One way to navigate the pitfalls is with the dash ability; one of four skills that each character can choose to take into a level. There’s a stomp to help in combat, fire breath for cooking, and even a healing totem. Mixing all of these together can really help your score, and it’s fun trying to use them in tandem to maximise points.

So much of Cannibal Cuisine is based around working together, and because of this the single player mode is incredibly dull. Including the option to play solo at all feels pointless, as the stages are the same regardless of how many tribe-mates you bring with you.

Fortunately on Switch, it’s easy to pass a Joy-Con to a friend and bump up the numbers. With up to four players supported locally or with people on your friends list online, you’ll be cooking up a storm in no time. There’s no option to play with randoms online, so if you don’t have a pal with a copy of the game, local is your best bet.

Cannibal Cuisine pc screen

As well as teaming up to cook for your master, there’s also a versus mode where two teams of up to two players can battle to get the high score. Some areas are off limits to enemy teams, but there’s still the opportunity for a lot of mayhem when you steal someone’s ingredient from under them. With four stages to choose from, it’s a nice distraction from the main game.

Throughout my time with Cannibal Cuisine, I just couldn’t quite shake the feeling that it doesn’t do anything better than the Overcooked series, and yet feels incredibly similar to play. There aren’t as many opportunities for chaos in the environment, and the controls are just a little too loose for my liking. The cannibal spin on the genre doesn’t change the gameplay enough to truly set it apart from other games.

Cannibal Cuisine is great fun with friends, but imprecise controls and a lack of innovation make it hard to recommend over similar games.
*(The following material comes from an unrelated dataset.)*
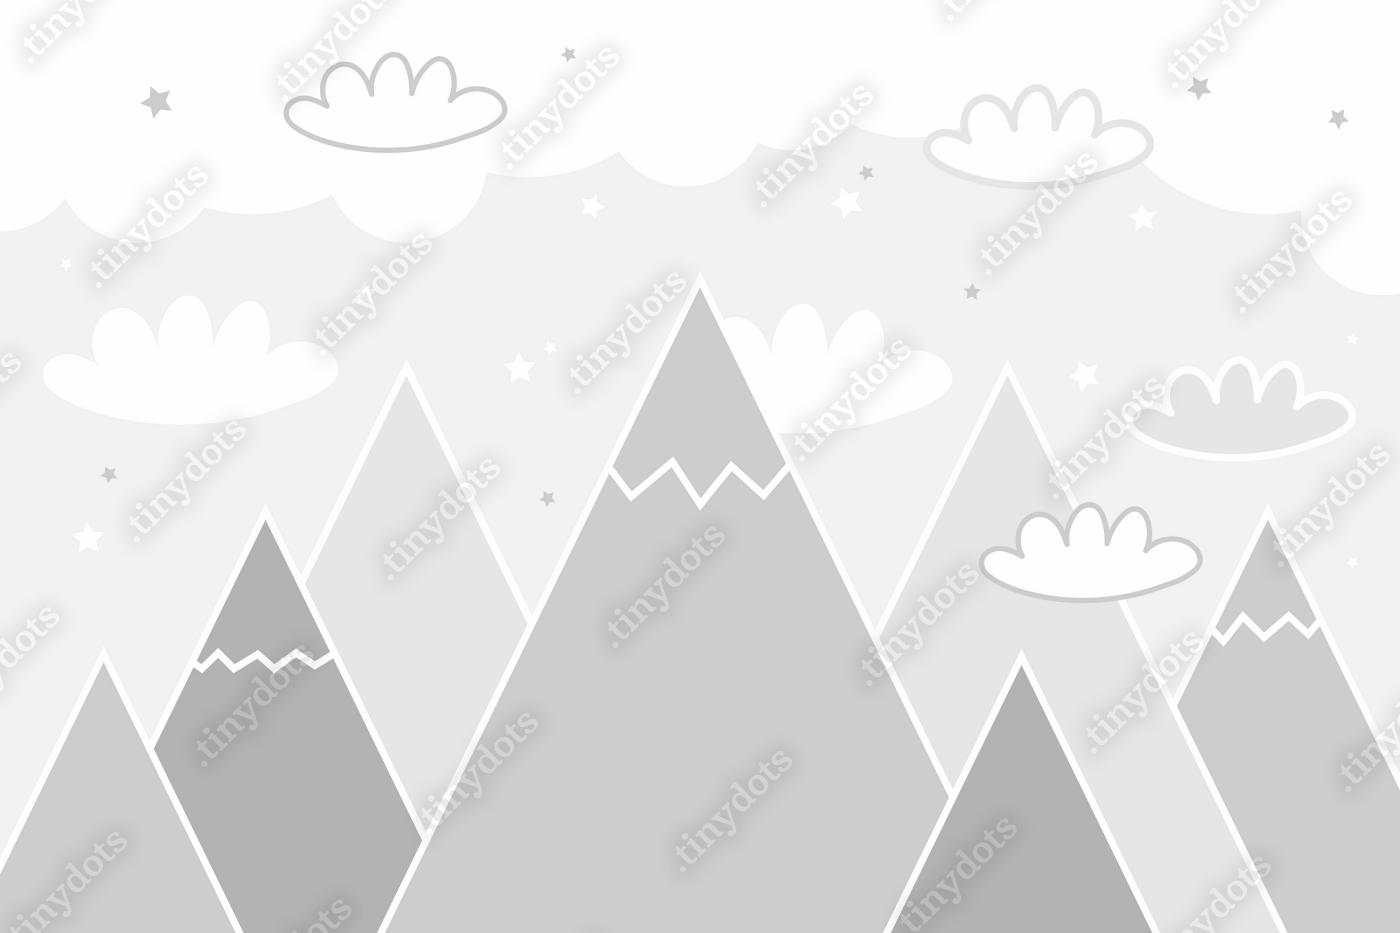 Fototapeta Wektor kolor dzieci ręcznie rysowane doodle góry ilustracji w stylu skandynawskim. Krajobraz górski, chmury. Fototapeta dla dzieci. Krajobraz górski, projekt pokoju dziecięcego, wystrój ścian. Mural.

There’s certainly a novelty to putting a full arm on the stove, and the chaos is entertaining, but there are just better options out there for co-op cooking.

Positives

Chaotic fun with friends
Different skills make teamwork more enjoyable
Very novel concept

Negatives

Controls aren't precise enough
Single player isn't even slightly fun
There are more entertaining games that are very similar

Editor Rating
 
Our Score
7.0

SCORE OUT OF TEN
7.0


In Short
 

It's an absolute blast with friends, but dodgy controls and a lack of new ideas struggle to help Cannibal Cuisine stand out in the genre.